Reproduce the listing word for word. Skip any image.

** Opening Input data block **

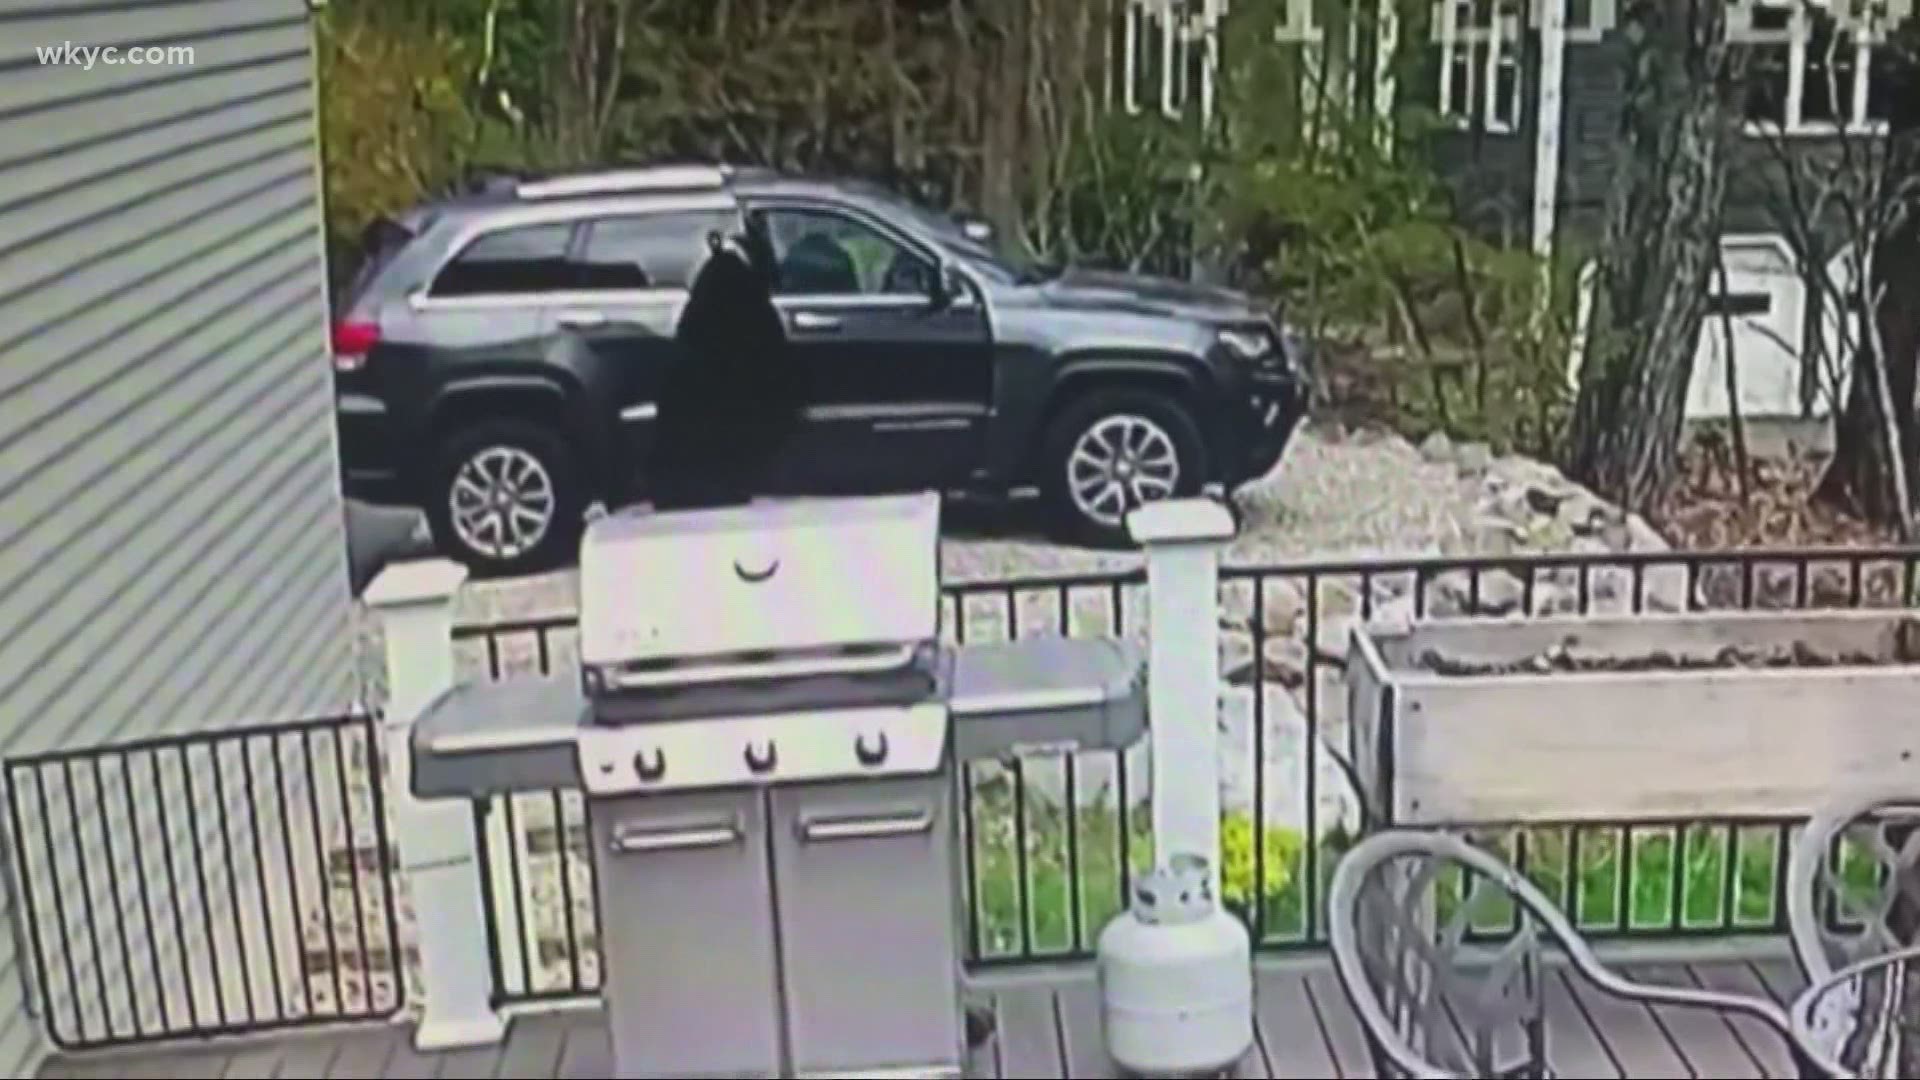 These three bears opened and got inside this parked SUV. The home owner caught the act on surveillance video.
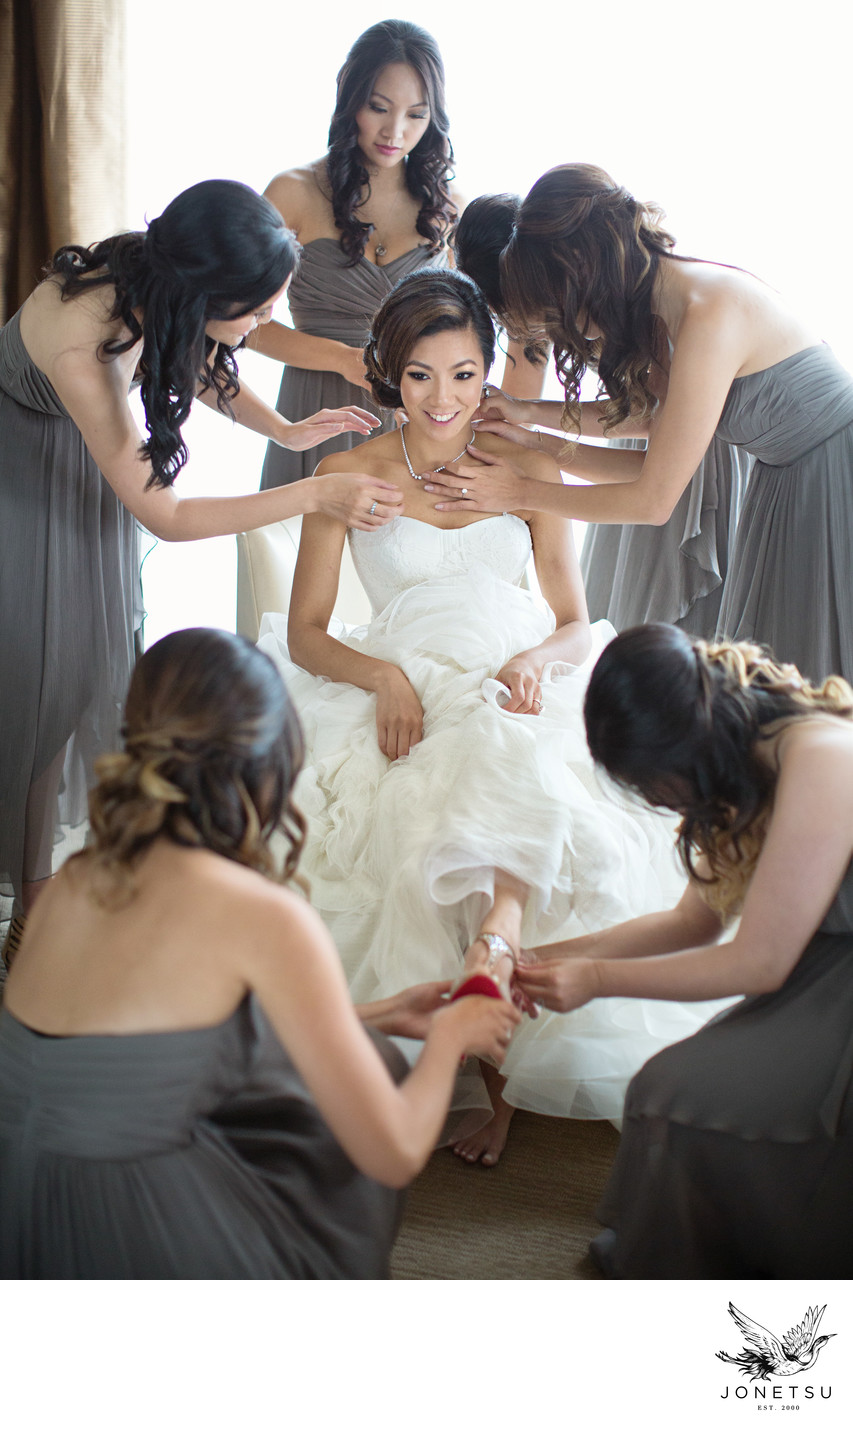 Vancouver bridesmaids in gowns help bride in Vera Wang
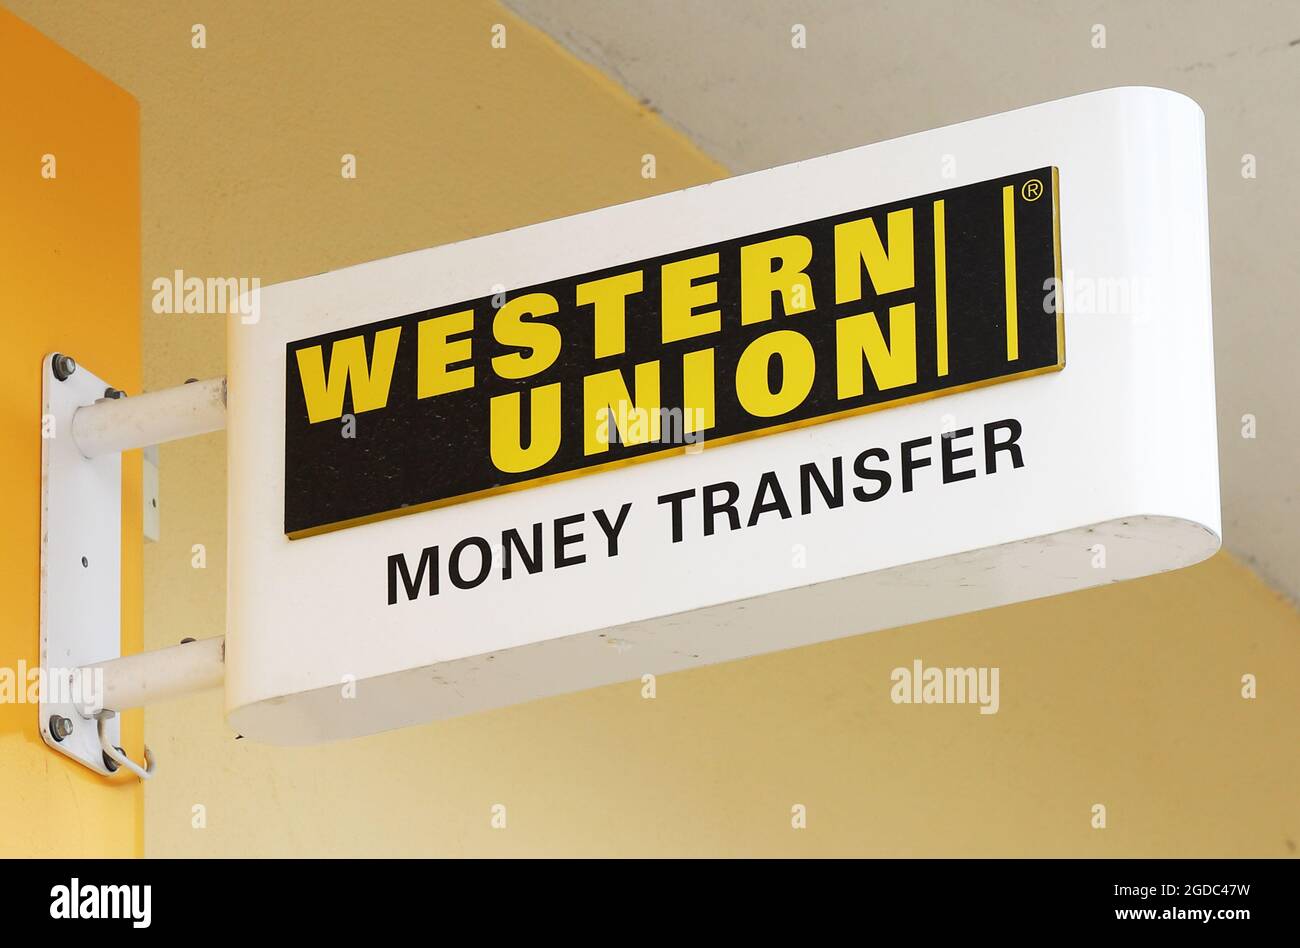 Eskilstuna, Sweden - August 11, 2021: Low angle view of the Western Union money transfer sign. Stock Photo

** Closing Input data block **

§ **Answer for the task**:
 These three bears opened and got inside this parked SUV. The home owner caught the act on surveillance video.
 Vancouver bridesmaids in gowns help bride in Vera Wang
 Eskilstuna, Sweden - August 11, 2021: Low angle view of the Western Union money transfer sign. Stock Photo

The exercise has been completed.